WORK TO BE COMPLETED:
From the records that follow, return exactly the lines beginning at the one that contains "This elegant armchair" and ending at the one that contains "Growing Pumpkins - How", pictures left out.

INFORMATION GIVEN:
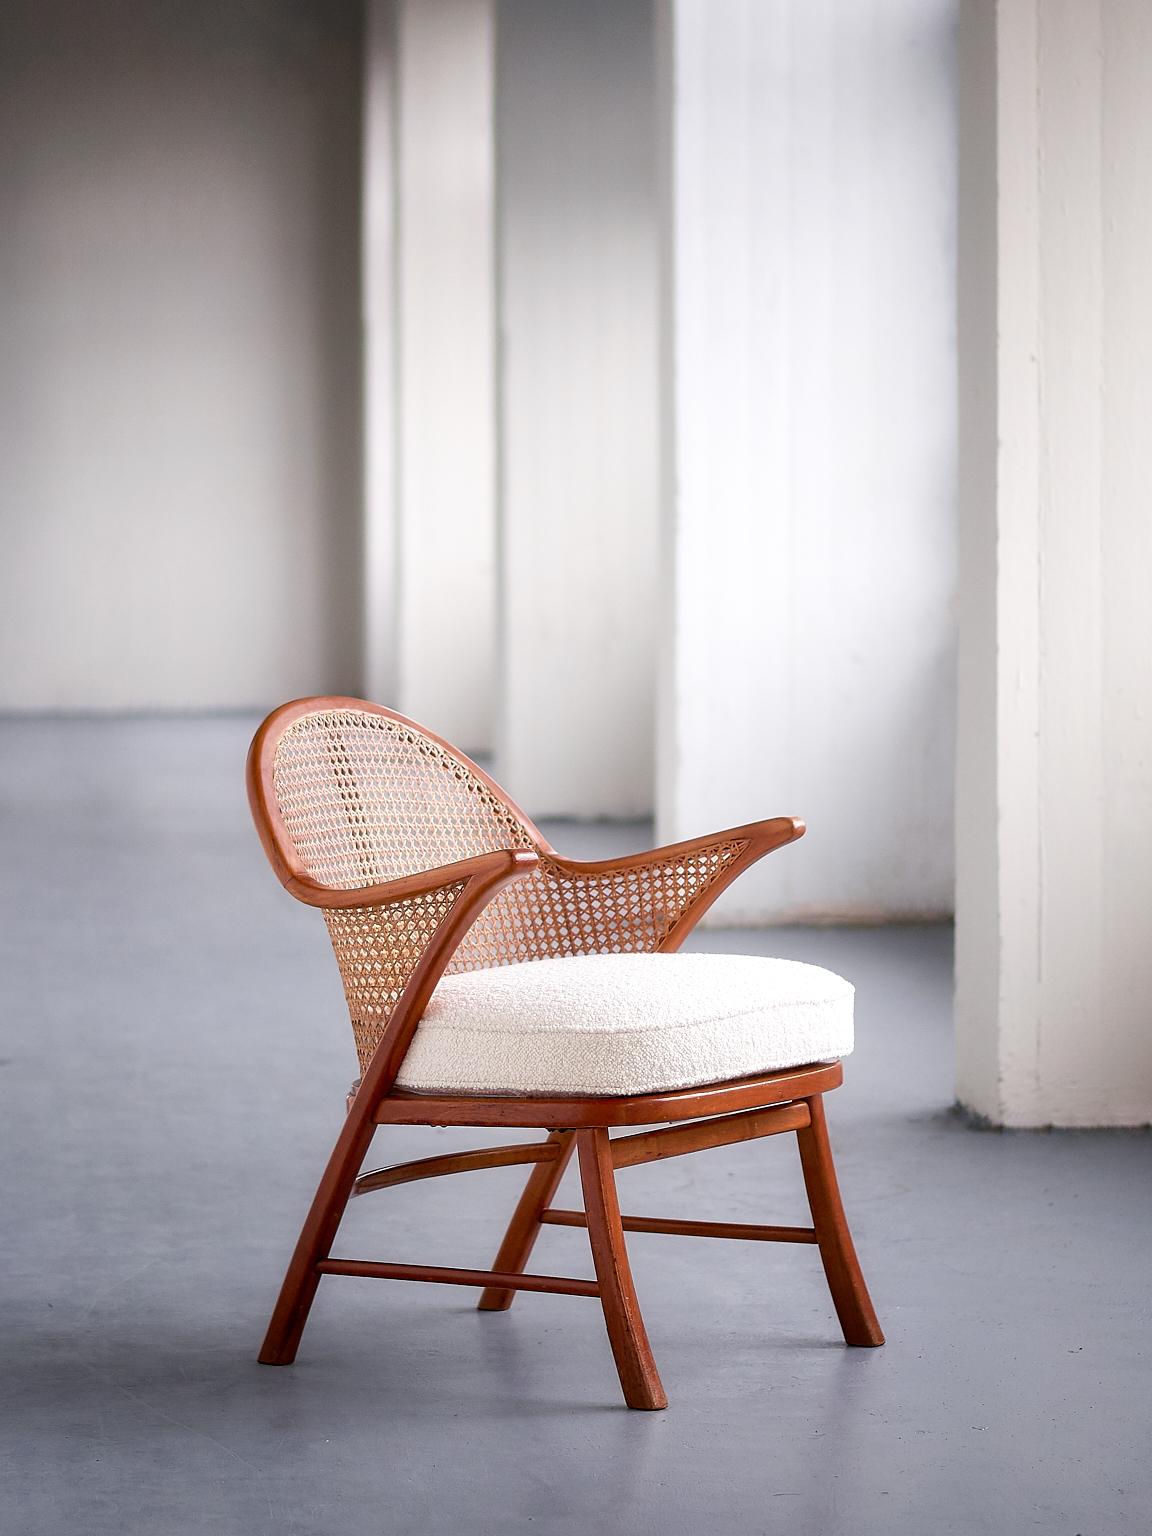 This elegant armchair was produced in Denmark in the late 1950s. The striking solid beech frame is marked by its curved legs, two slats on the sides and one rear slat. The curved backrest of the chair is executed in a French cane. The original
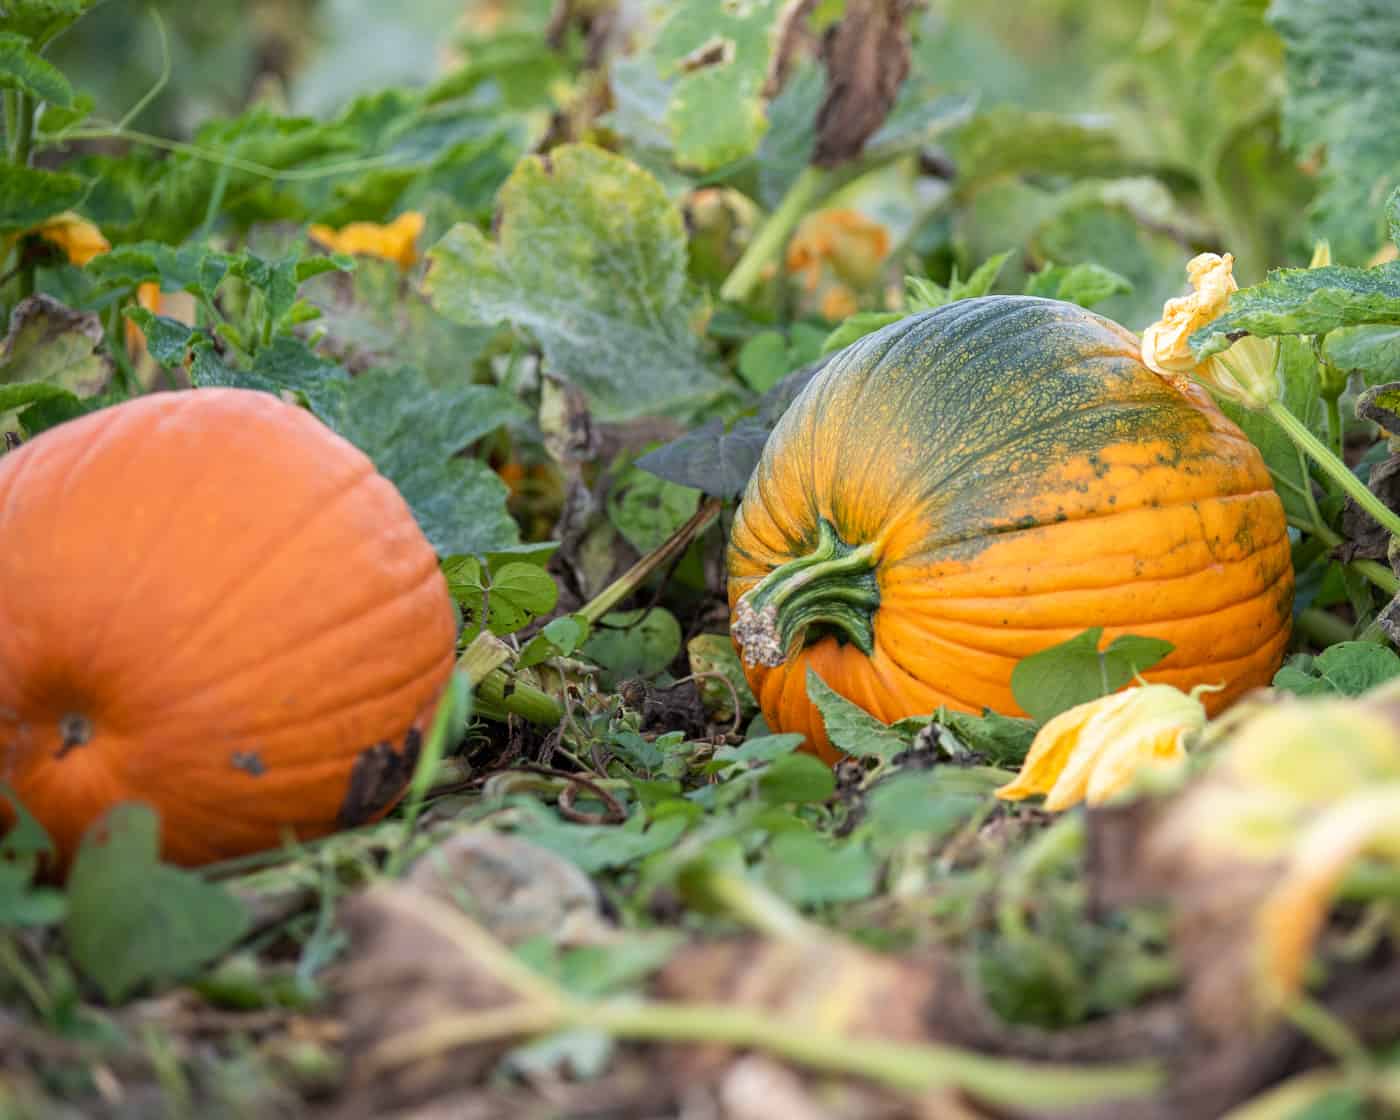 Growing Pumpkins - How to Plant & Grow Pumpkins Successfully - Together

==

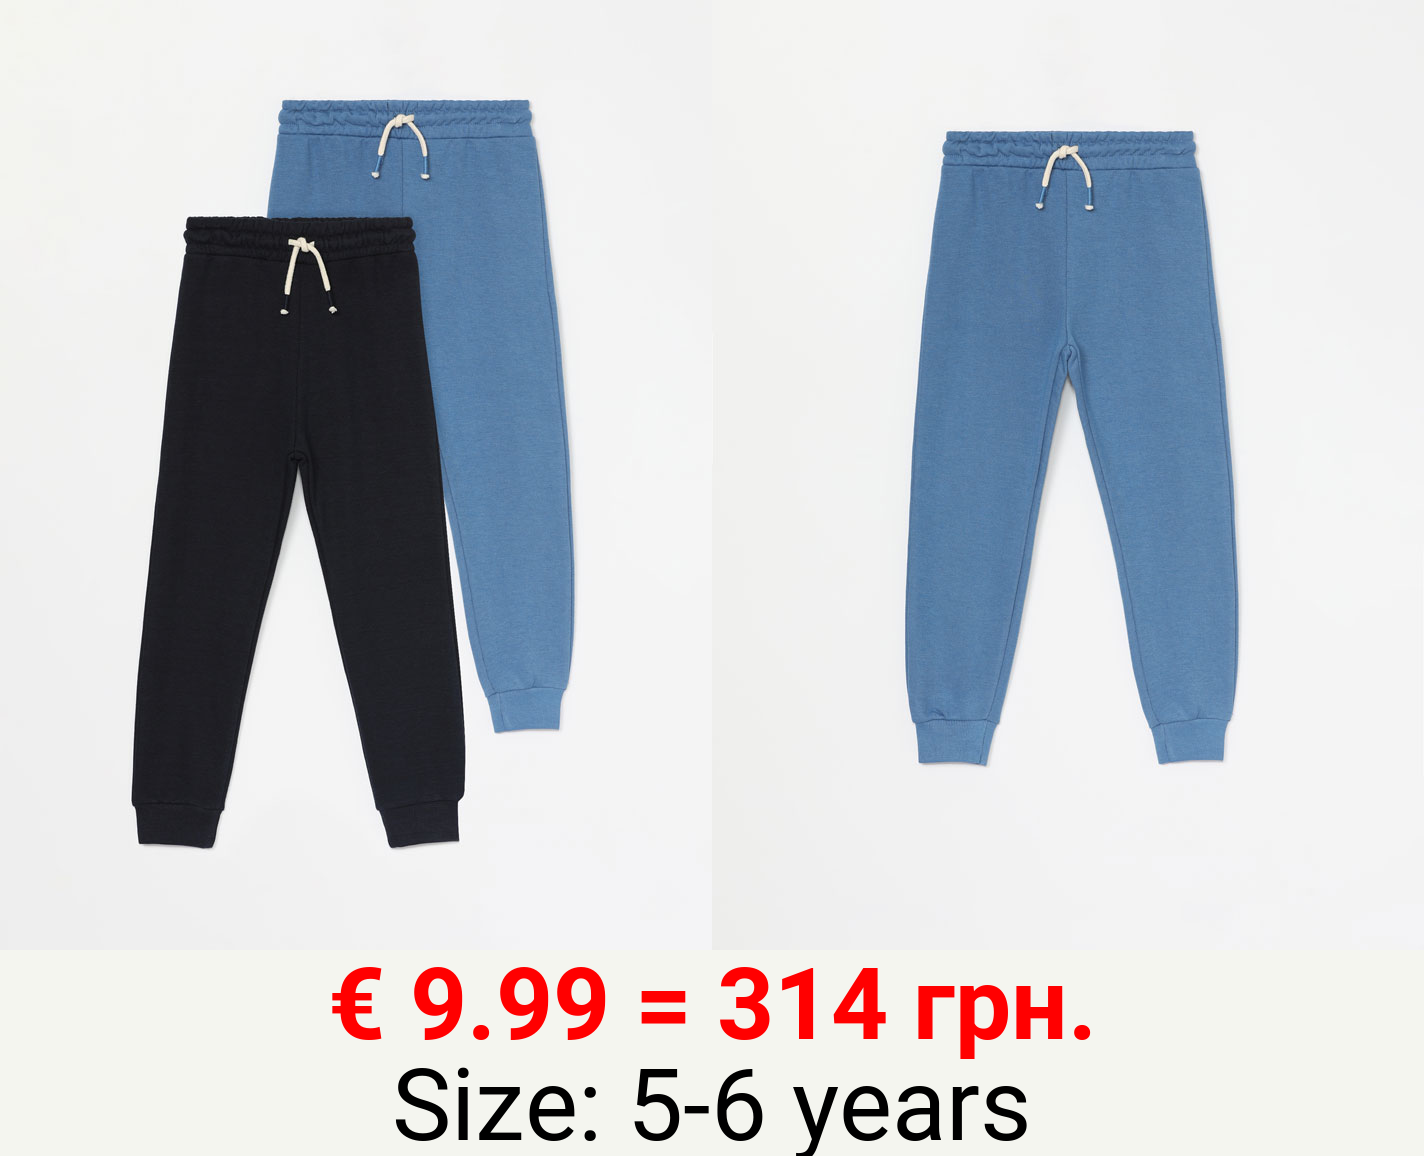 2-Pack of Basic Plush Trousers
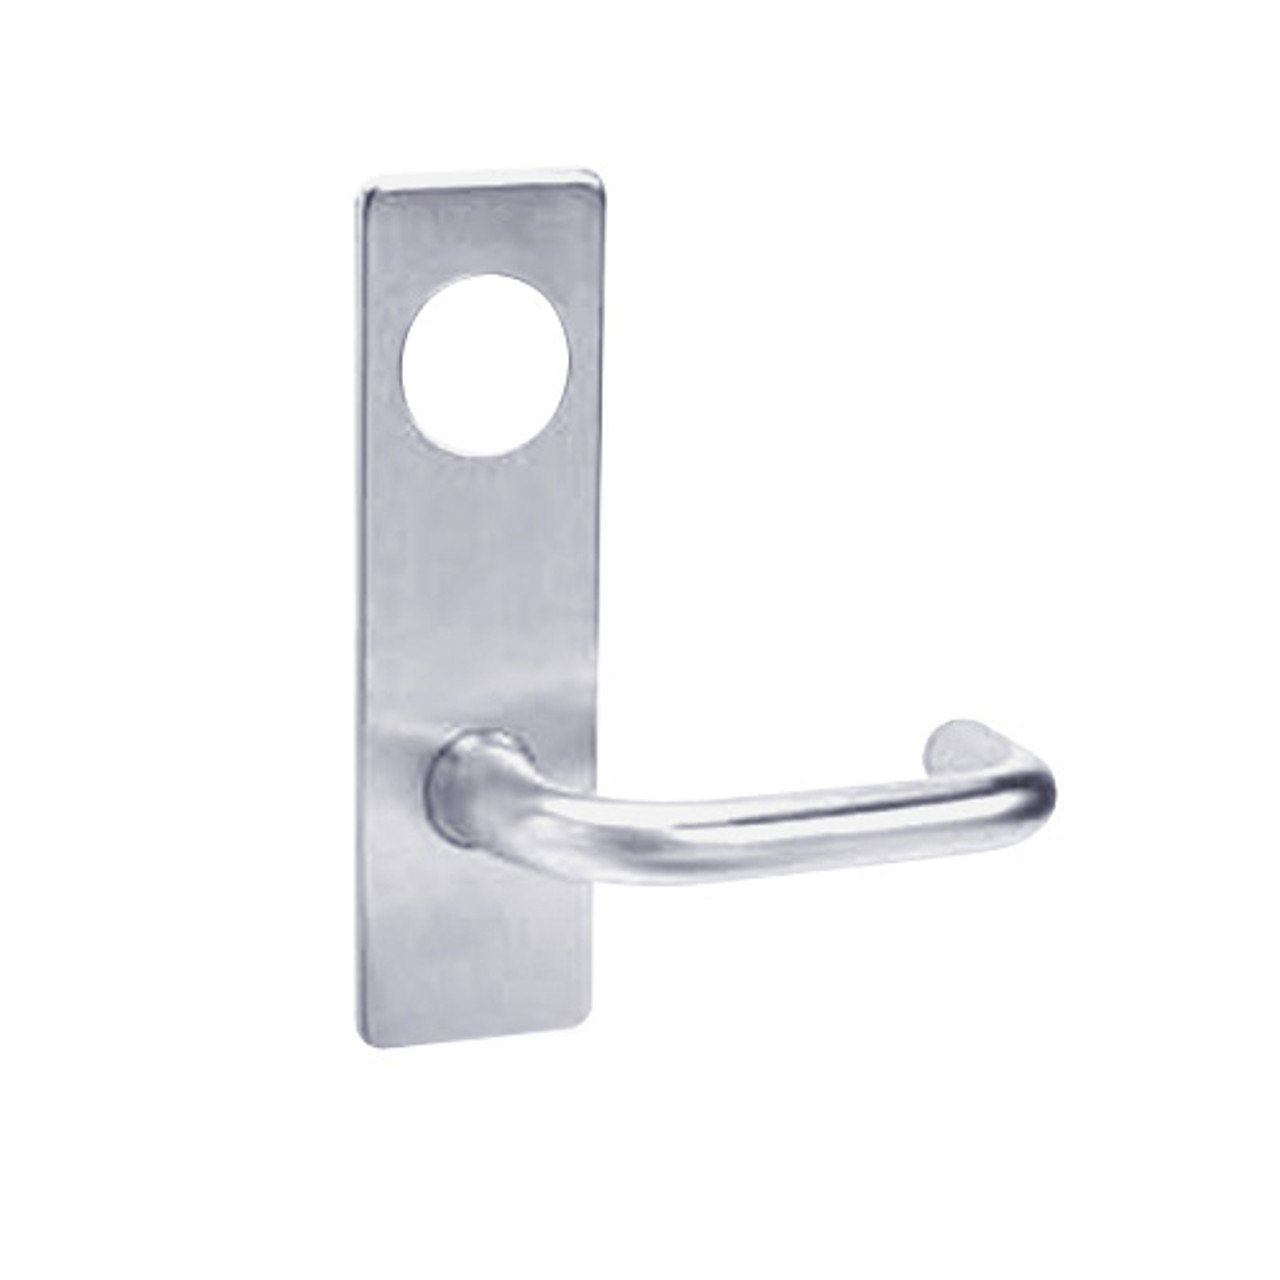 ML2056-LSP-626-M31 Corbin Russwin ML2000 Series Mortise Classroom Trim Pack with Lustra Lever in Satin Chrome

TASK RESPONSE:
 This elegant armchair was produced in Denmark in the late 1950s. The striking solid beech frame is marked by its curved legs, two slats on the sides and one rear slat. The curved backrest of the chair is executed in a French cane. The original
 Growing Pumpkins - How to Plant & Grow Pumpkins Successfully - Together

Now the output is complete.